Wholesale EU gas prices have reached a high as Russia withholds supply given the NordStream 2 debate. All of this is compounding the problem and is showing up in aggressively higher LNG prices. Eventually higher gas prices mean higher coal prices and today China's coal prices are trading at $140/tonne. It is all connected but one thing is certain, right now China's focus is to help the domestic market and shield them from higher costs. Its crackdown on tech sector and various industries is all part of Xi Jinping's plan to normalize the top and the bottom. It is not about entrepreneurship or free market capitalism, it is about the people. When it comes to that, dirty or not, climate change goes out the door as now even U.S. companies will be looking to pump more gas given the extremely high prices.
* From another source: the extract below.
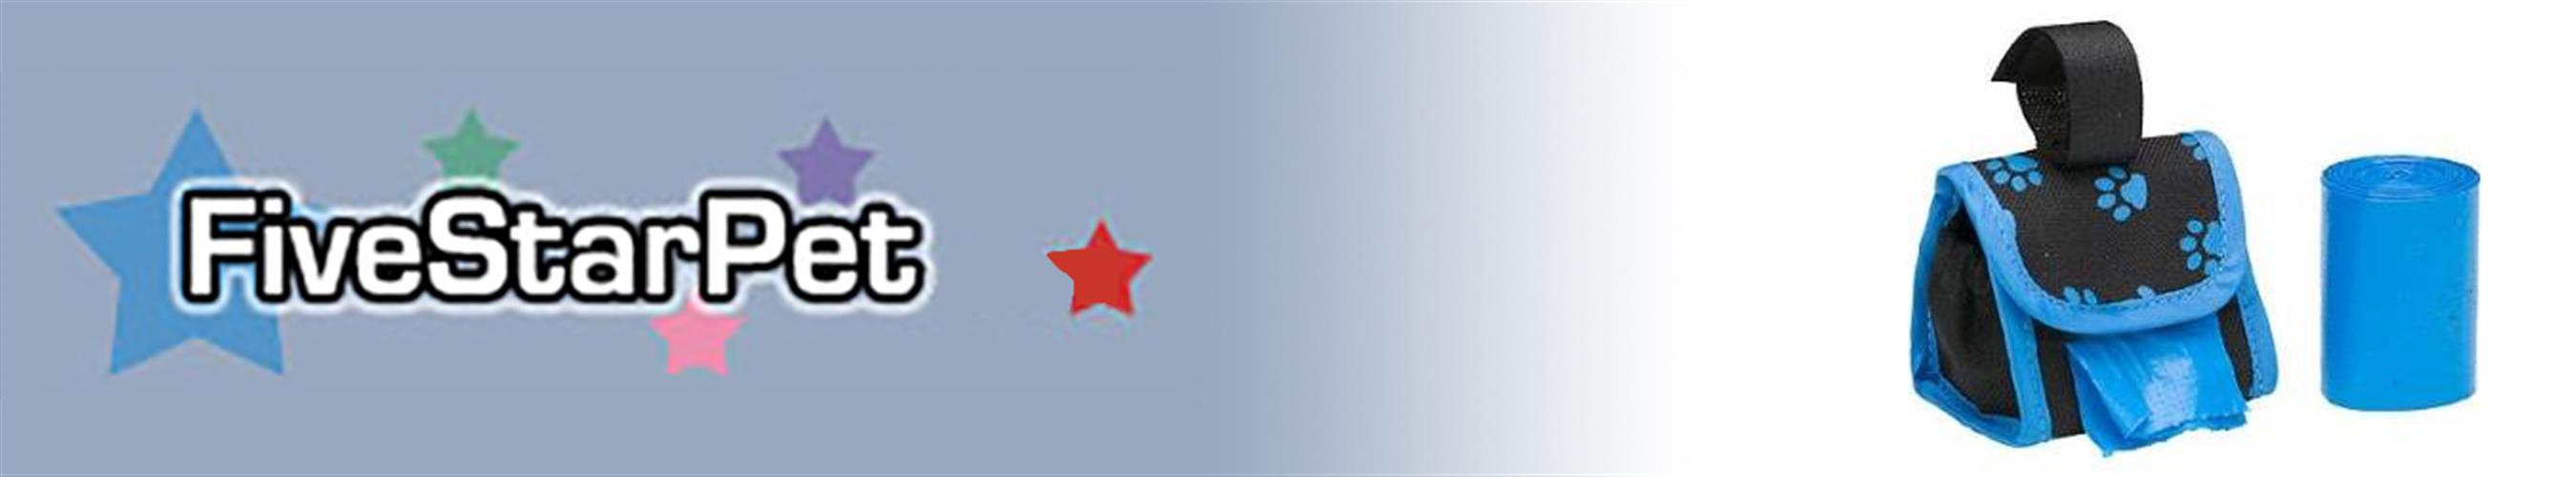 FiveStarPet

Companies can preach capital discipline all they like. If prices are high enough, they salivate and start to drill to capitalize on the price surges. There is a lot of talk about U.S. domestic shale having its hands tied behind its back post the 2020 collapse, but it will be important to keep an eye on them to see how they react to these prices despite the promises they made to their shareholders to drill less and return cash back to them. Commodity exposed companies are all dictated by where the price of the commodity is. In a short window of time the tightness can cause huge price swings especially during winter periods if storage is already low. Economics 101, when demand takes the price higher, supply eventually catches up.